Over the last two weeks I filed nine separate draft PRs (#30727, #31208, #31294, #31310, #31891, #31932, #32300, #32301, #32489) covering the same broad surface: kanban.db corruption events I hit running a five-profile kanban fleet under sustained writer load. Eleven distinct corruption events surfaced over that window, spanning several bug classes (torn-write on freed pages, single-row mid-write, b-tree split race during concurrent writers, EIO during WAL init, post-WAL-init (deleted) sidecar accumulation, zombie worker accumulation). The investigation pointed at a single upstream root cause for the cluster (commit 8 below) plus seven defense-in-depth contributors.

Shipping them as one PR makes the story reviewable in one pass instead of nine. Each commit is still cherry-pickable if you'd rather land them surgically; the original drafts remain open and pinned to their respective branches.

#31891 (merge complete_task + recompute_ready into one txn) is not in this bundle. I ran a week of production load with all of 1-8 applied and that PR not applied, and saw no idx_tasks_status drift.
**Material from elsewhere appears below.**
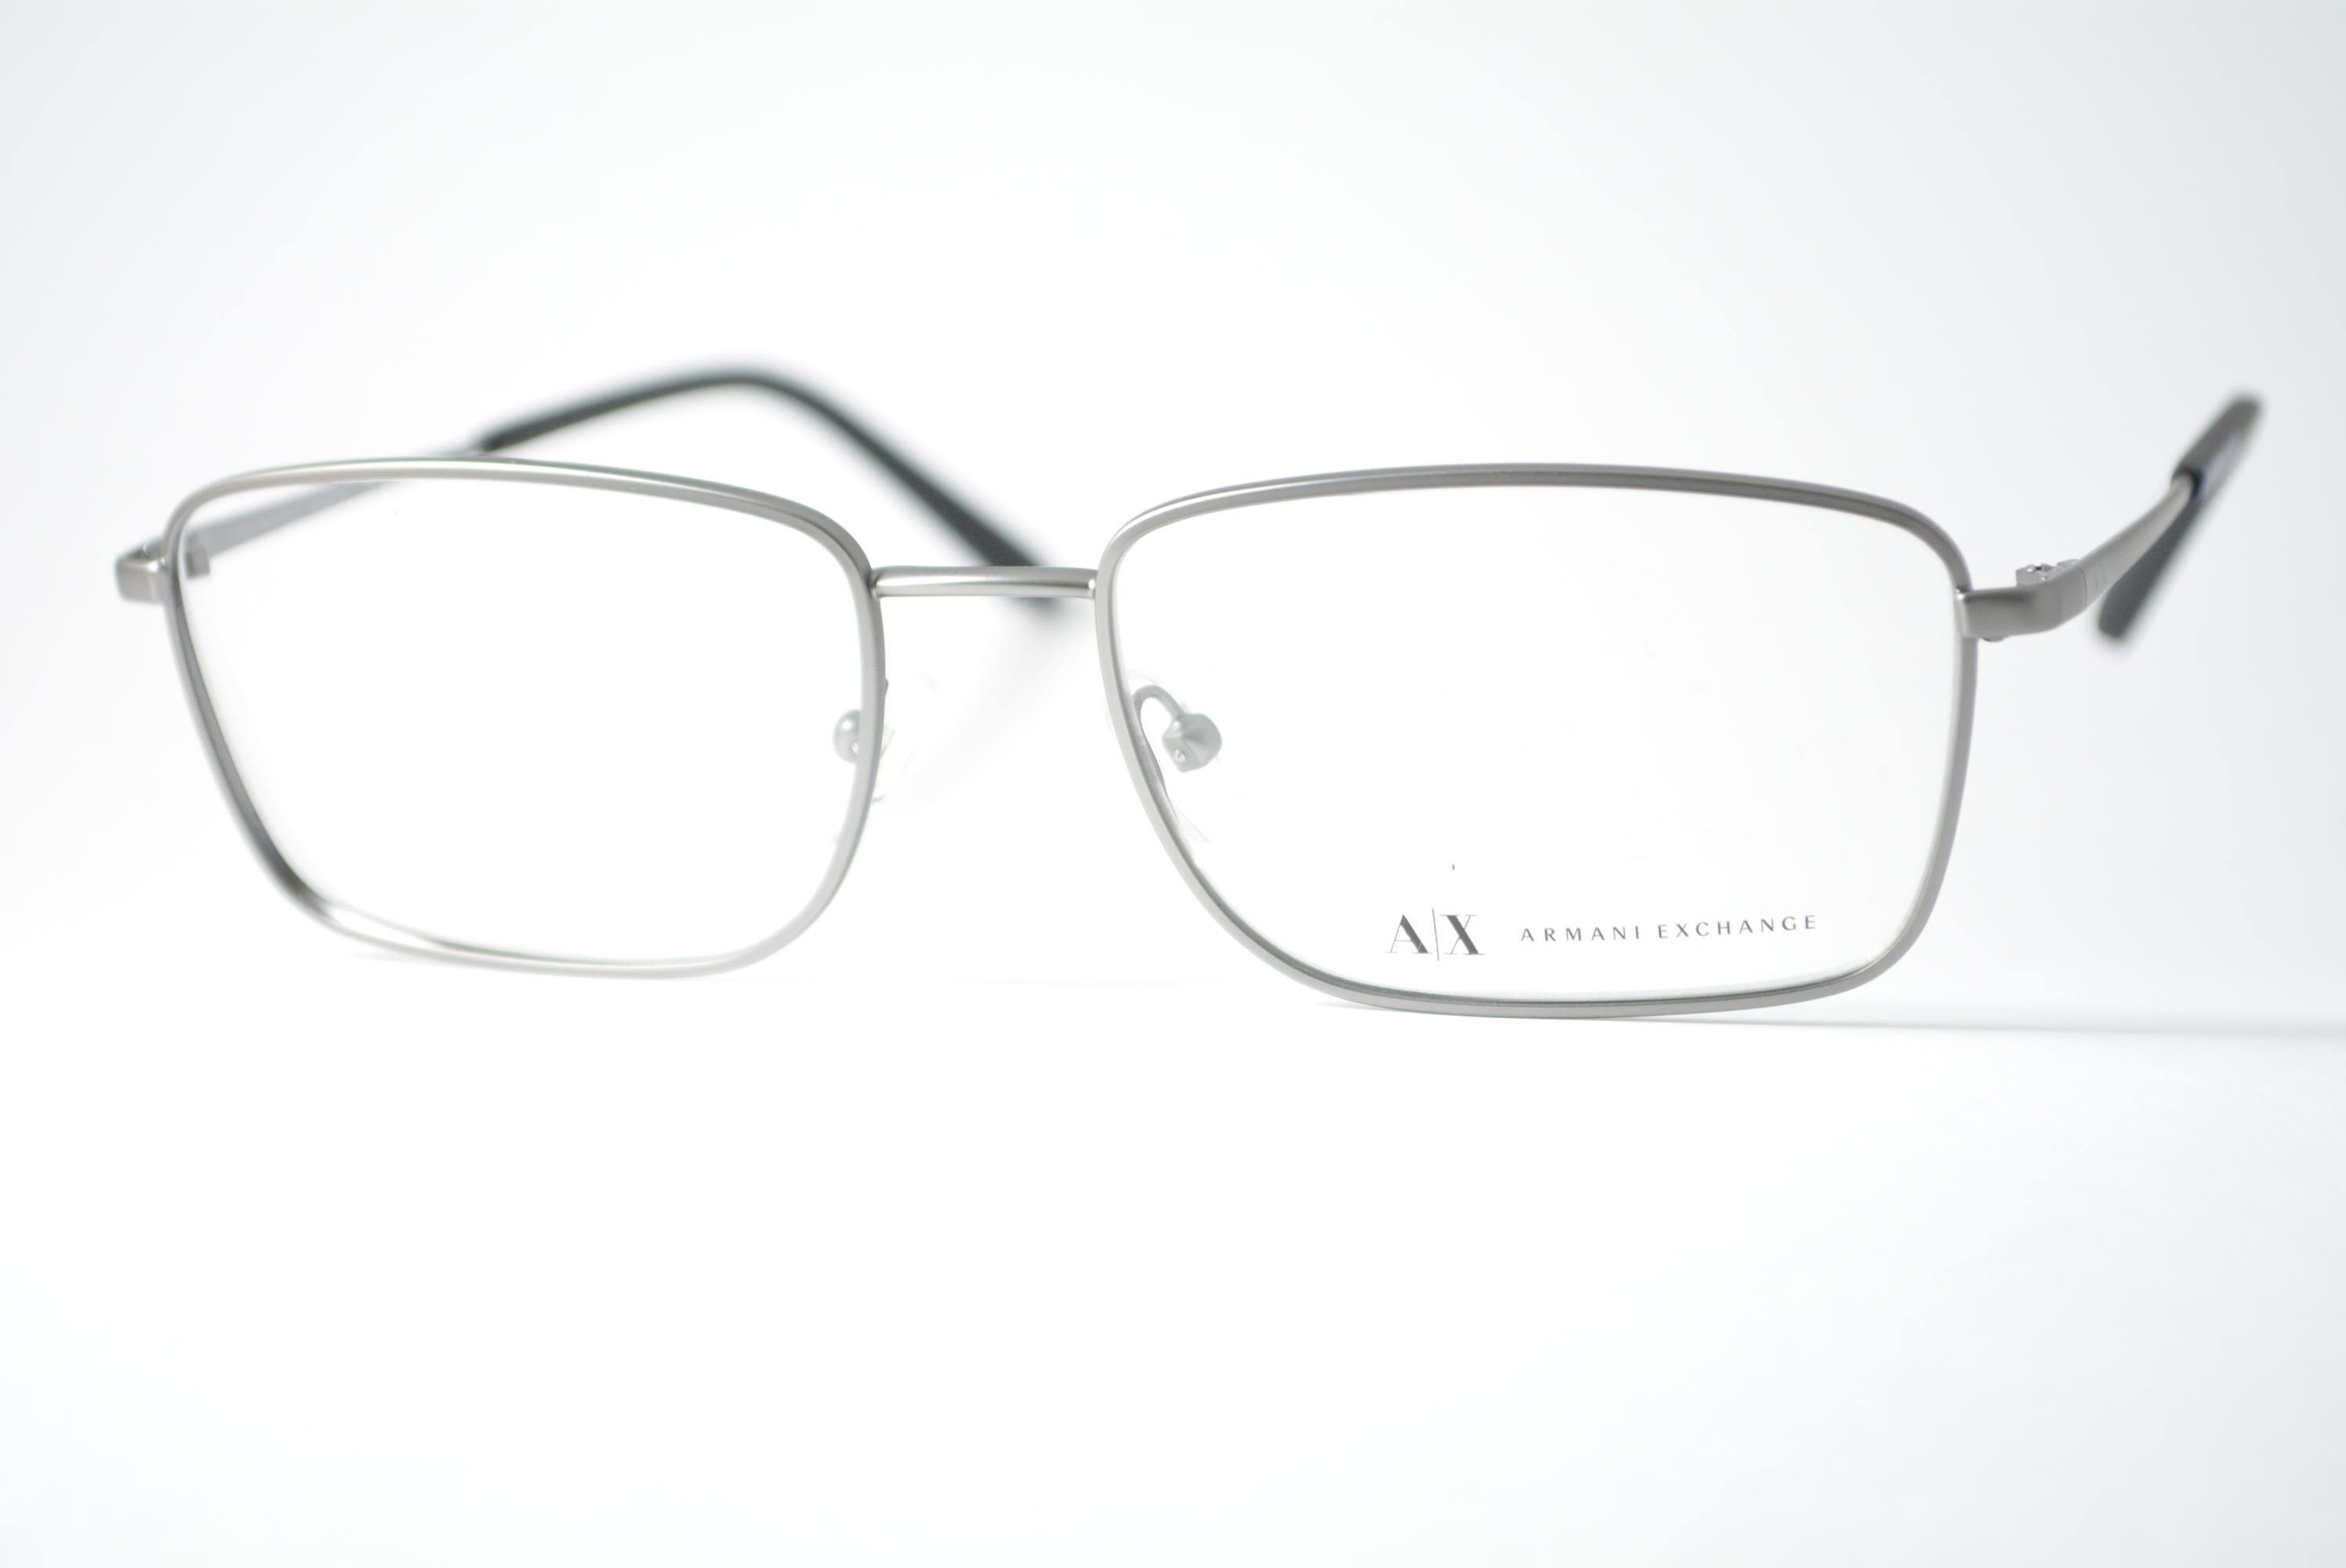 armação de óculos Armani Exchange mod ax1057 6006

I'd rather not ship it on speculation.

What's in here, in commit order

The order is defensive primitives first, then EIO handling, then dispatcher hygiene, then write-side detection, then process hygiene, then the headline root cause last. Reading top-to-bottom traces the same story the investigation went through.

1. fix(kanban): harden SQLite against torn-write corruption (was #31208)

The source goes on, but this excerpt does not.